## Exercise details
Tally the lines in the data below where the word "Banque" appears, and give the tally alone.

[Dataset items]

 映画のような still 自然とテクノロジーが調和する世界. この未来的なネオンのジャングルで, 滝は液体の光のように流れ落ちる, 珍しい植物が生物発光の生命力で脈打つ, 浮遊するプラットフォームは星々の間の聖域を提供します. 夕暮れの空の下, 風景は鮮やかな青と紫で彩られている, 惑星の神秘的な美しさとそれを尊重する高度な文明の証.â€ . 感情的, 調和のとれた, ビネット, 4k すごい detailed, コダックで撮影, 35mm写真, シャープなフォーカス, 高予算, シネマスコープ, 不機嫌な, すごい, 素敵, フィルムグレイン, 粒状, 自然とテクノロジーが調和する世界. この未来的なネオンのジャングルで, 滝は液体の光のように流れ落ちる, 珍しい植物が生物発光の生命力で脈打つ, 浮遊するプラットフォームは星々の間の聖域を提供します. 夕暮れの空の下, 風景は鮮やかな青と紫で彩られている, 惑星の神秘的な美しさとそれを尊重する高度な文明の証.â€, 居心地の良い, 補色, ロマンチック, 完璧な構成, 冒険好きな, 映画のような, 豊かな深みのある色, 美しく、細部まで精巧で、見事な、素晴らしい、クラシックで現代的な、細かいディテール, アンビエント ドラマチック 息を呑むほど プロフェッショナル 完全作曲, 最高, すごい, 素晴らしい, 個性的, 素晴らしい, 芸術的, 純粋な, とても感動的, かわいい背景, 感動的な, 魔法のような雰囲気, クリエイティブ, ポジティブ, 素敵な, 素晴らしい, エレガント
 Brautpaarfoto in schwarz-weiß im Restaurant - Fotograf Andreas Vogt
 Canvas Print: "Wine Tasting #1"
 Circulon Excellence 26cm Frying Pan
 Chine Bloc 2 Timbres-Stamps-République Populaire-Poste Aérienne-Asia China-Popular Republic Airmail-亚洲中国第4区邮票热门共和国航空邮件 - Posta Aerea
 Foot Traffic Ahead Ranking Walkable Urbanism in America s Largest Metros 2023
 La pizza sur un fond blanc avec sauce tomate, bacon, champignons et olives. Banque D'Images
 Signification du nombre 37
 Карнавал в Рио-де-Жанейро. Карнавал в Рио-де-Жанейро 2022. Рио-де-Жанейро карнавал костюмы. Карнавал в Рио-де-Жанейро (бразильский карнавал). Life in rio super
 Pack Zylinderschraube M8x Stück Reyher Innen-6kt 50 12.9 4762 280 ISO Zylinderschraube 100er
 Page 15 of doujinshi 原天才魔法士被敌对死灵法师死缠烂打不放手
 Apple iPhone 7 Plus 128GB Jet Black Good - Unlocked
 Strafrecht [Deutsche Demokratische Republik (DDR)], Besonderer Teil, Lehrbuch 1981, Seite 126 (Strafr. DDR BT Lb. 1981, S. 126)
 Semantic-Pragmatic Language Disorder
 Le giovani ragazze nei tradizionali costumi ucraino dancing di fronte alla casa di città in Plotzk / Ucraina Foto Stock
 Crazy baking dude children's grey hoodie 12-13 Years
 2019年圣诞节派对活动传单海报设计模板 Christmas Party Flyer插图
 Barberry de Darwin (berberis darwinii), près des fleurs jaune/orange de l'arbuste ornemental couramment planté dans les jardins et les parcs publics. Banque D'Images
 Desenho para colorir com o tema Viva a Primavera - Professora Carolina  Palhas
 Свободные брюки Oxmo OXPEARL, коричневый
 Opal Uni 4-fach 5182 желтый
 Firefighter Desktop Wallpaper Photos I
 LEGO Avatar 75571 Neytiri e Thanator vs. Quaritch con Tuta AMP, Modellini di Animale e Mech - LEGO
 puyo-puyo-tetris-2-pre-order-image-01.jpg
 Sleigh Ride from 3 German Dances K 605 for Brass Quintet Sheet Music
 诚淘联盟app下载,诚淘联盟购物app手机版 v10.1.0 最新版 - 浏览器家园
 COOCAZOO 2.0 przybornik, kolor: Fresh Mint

## Reply
2